2008 — IEEE 754-2008

FP16 standardised; deep learning imminent

Half-precision becomes the default ML training format on GPUs (P100, V100, then everything Volta+).

2020 — Microsoft MSFP

First production BFP for AI inference

Microsoft Research's Microsoft Floating Point (MSFP12 / MSFP11 / MSFP9) shipped on the Brainwave NPUs in Azure. Block-shared 8-bit exponent with 4–7-bit mantissas. Demonstrated <1% accuracy loss vs FP32 on production transformers.

2022 — Hopper FP8

First per-tensor-scaled FP8 on a GPU

H100's 4th-gen tensor cores added FP8 (E4M3 & E5M2) with one FP32 scale per tensor and a Transformer Engine that retunes scales each step. Sets the stage for finer-grained scaling.

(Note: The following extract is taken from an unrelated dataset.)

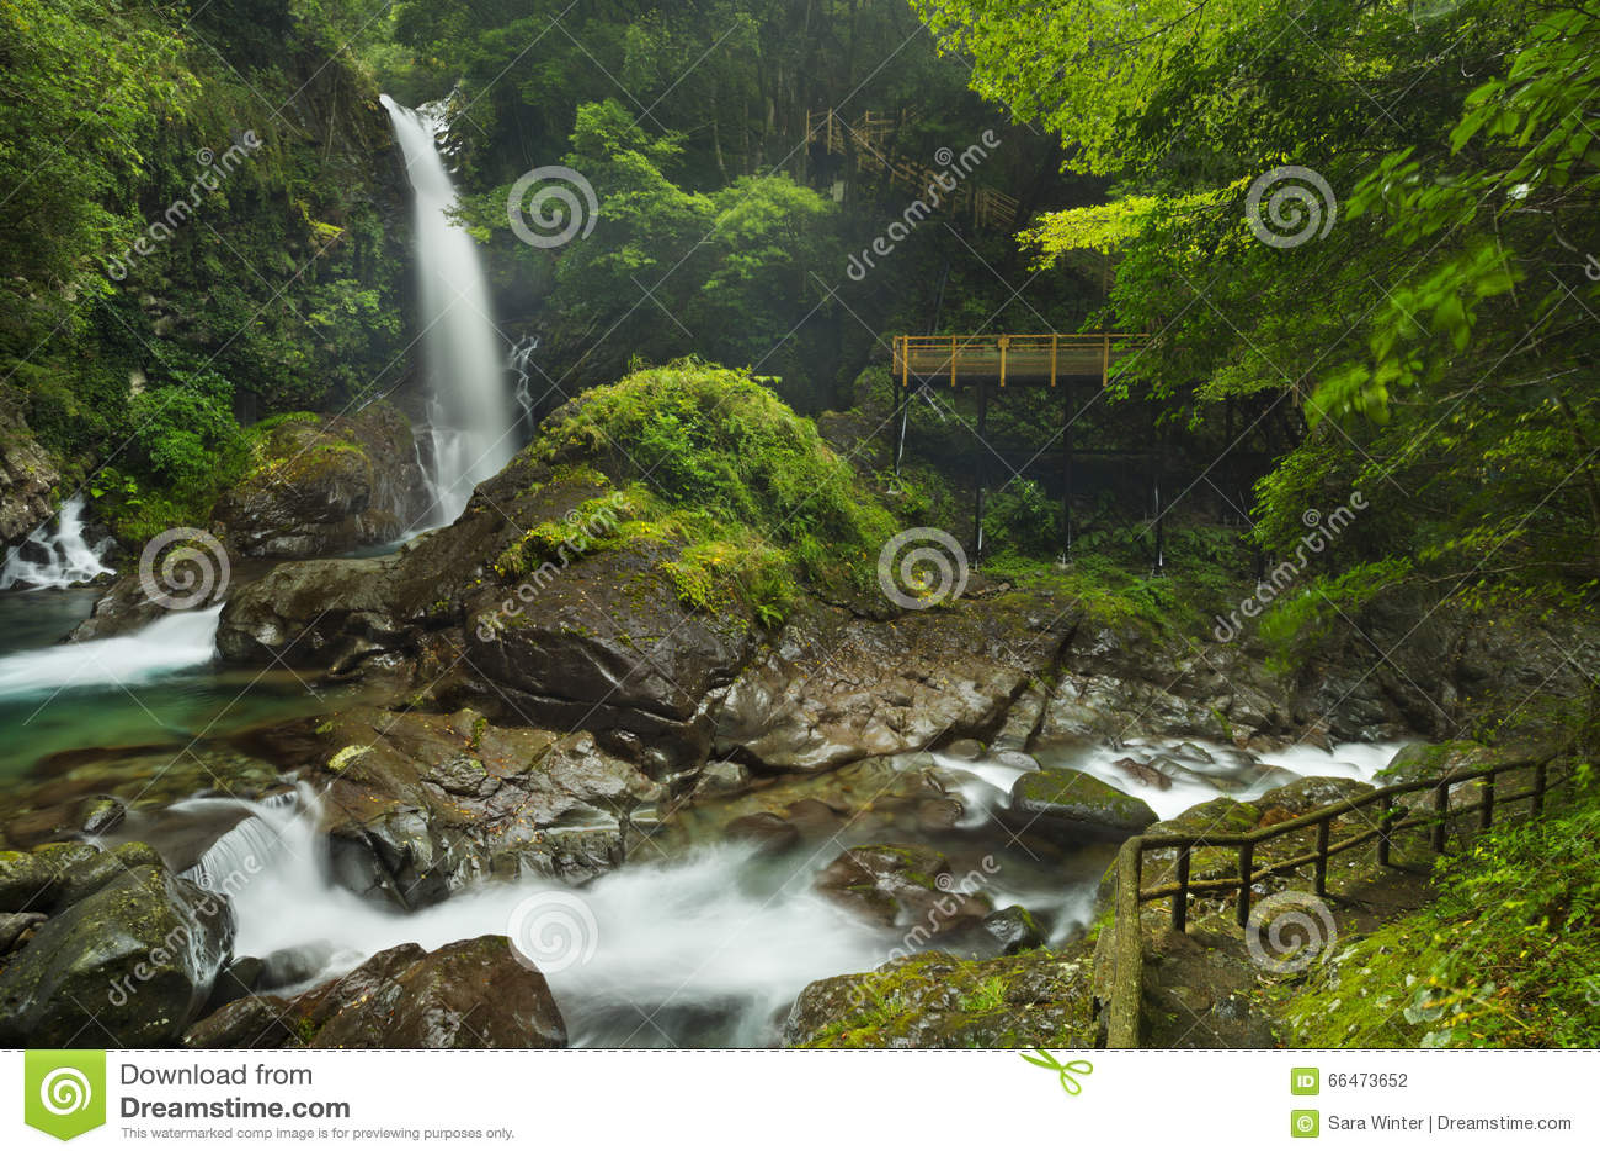 Kawazu waterfall trail, Izu Peninsula, Japan

Sept 2023 — OCP MX spec v1.0

Microscaling Formats for AI — the open standard

AMD, Arm, Intel, Meta, Microsoft, NVIDIA & Qualcomm publish the Microscaling (MX) specification under the Open Compute Project: six formats — MXFP8 (E5M2/E4M3), MXFP6 (E3M2/E2M3), MXFP4 (E2M1), MXINT8 — all sharing a 32-element block with one E8M0 scale.

March 2024 — Blackwell

5th-gen tensor cores — first GPU with native MXFP4

B100 / B200 / GB200 / RTX 50 / GB10 ship with hardware MMA support for MXFP6 and MXFP4 (and an INT-side MXINT8). The 2nd-gen Transformer Engine drives scale management.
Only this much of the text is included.